Designing sets and teaching set design has kept Edmunds busy since she and her husband moved to the Bay Area 19 years ago. "This work suits me down to the ground," she grins. "In my work I get to work with folks like Tony Kushner, with Shakespeare, with exciting little-known playrights, and wonderful super-smart students. And somebody actually pays me for it!"
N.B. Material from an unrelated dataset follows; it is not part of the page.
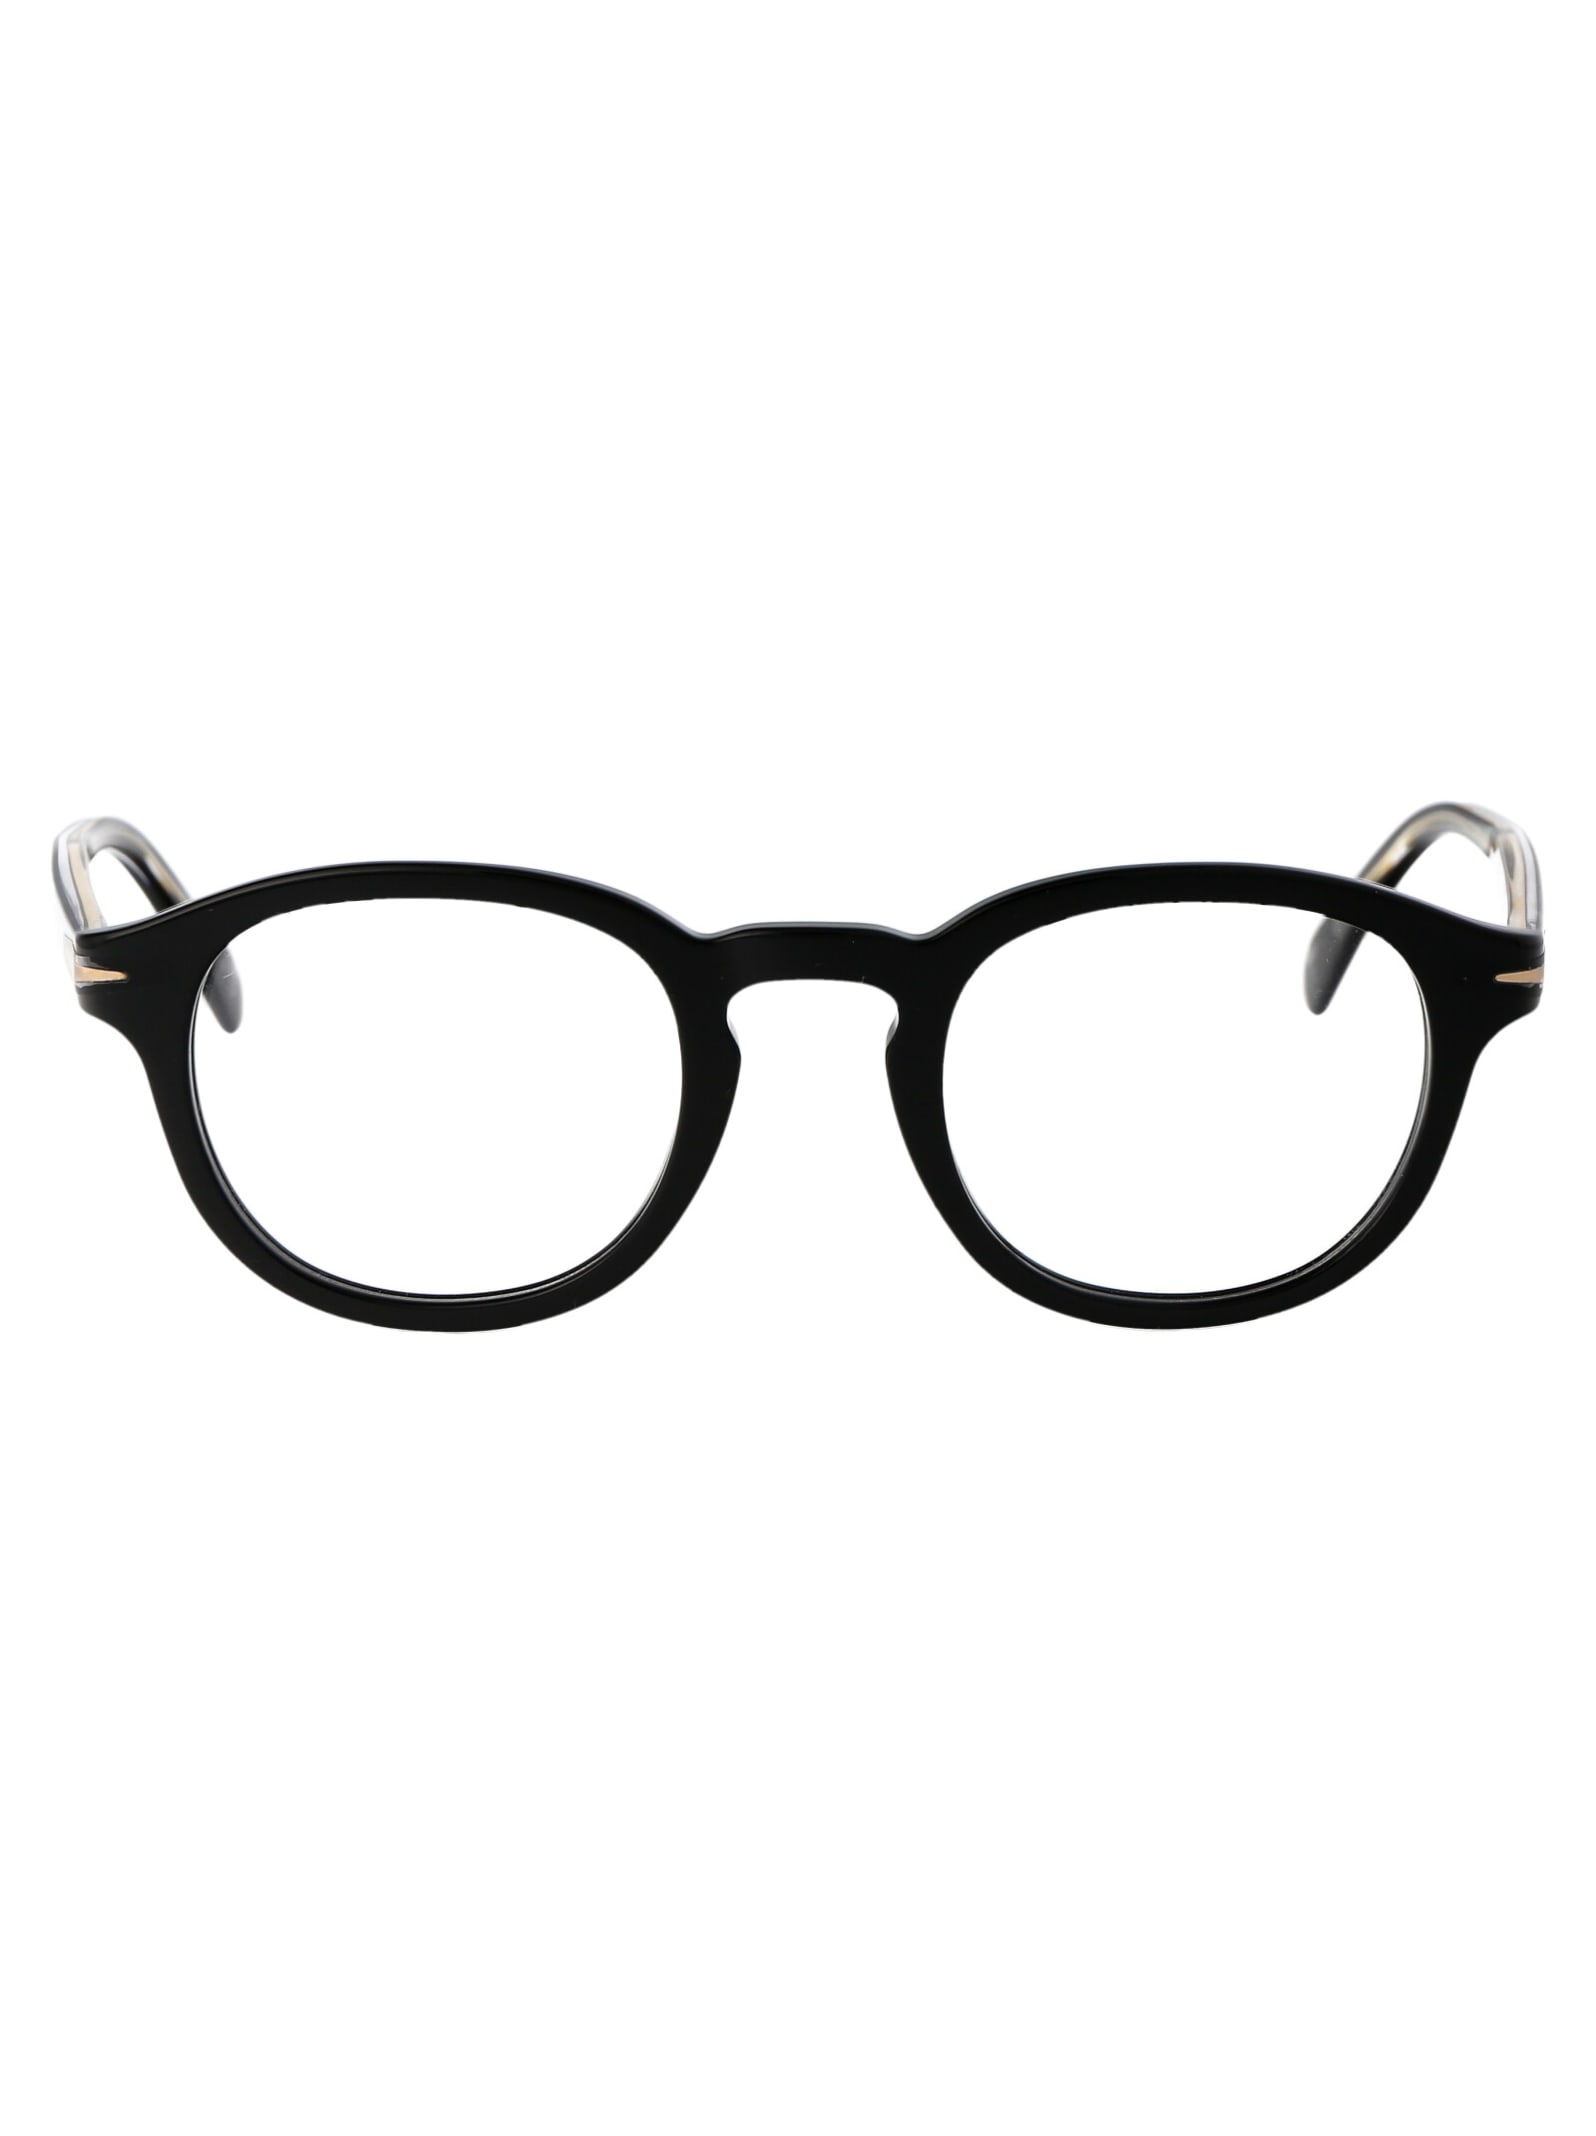 Db 7017 Glasses

Even in a notoriously tough profession, Edmunds acknowledges that she's been very blessed. "The first show I did at Berkeley Rep was Twelfth Night." It came about after she and two theater colleagues came out West for a "girls weekend" and she fell in love with the Bay Area. Driving out from Manhattan, she and her husband got a place in the Castro "where everything I needed was right there." And for the past six years Edmunds and spouse have made Santa Cruz their home.

Star Tech

Edmunds' credits are long and illustrious. The overworked term, "award-winning," well and truly applies to Edmunds broad-ranging creative work on plays including Liaisons Dangereuses, The Rose Tattoo, Private Lives, and Twelfth Night. Over the past two decades she has worked as Associate Artist for the Berkeley Repertory Theater, American Conservatory Theater (A.C.T.), the Magic Theater, and "I continued to do the regionals in Baltimore, New York, Seattle, Chicago, Los Angeles," as well as teaching at UC Berkeley. Working with prolific Bay Area actor Danny Scheie led to her current role with the UCSC Theater Arts Department, where she's been for the past dozen years, prompting a move to Santa Cruz six years ago. Those who recall the A Year with Frog and Toad, as well as a host of past Theater Arts/SSC winter holiday shows, have relished the stylish stamp of her Kate Edmunds' scenic eye.

"I've always been lucky to be in the right place at the right time."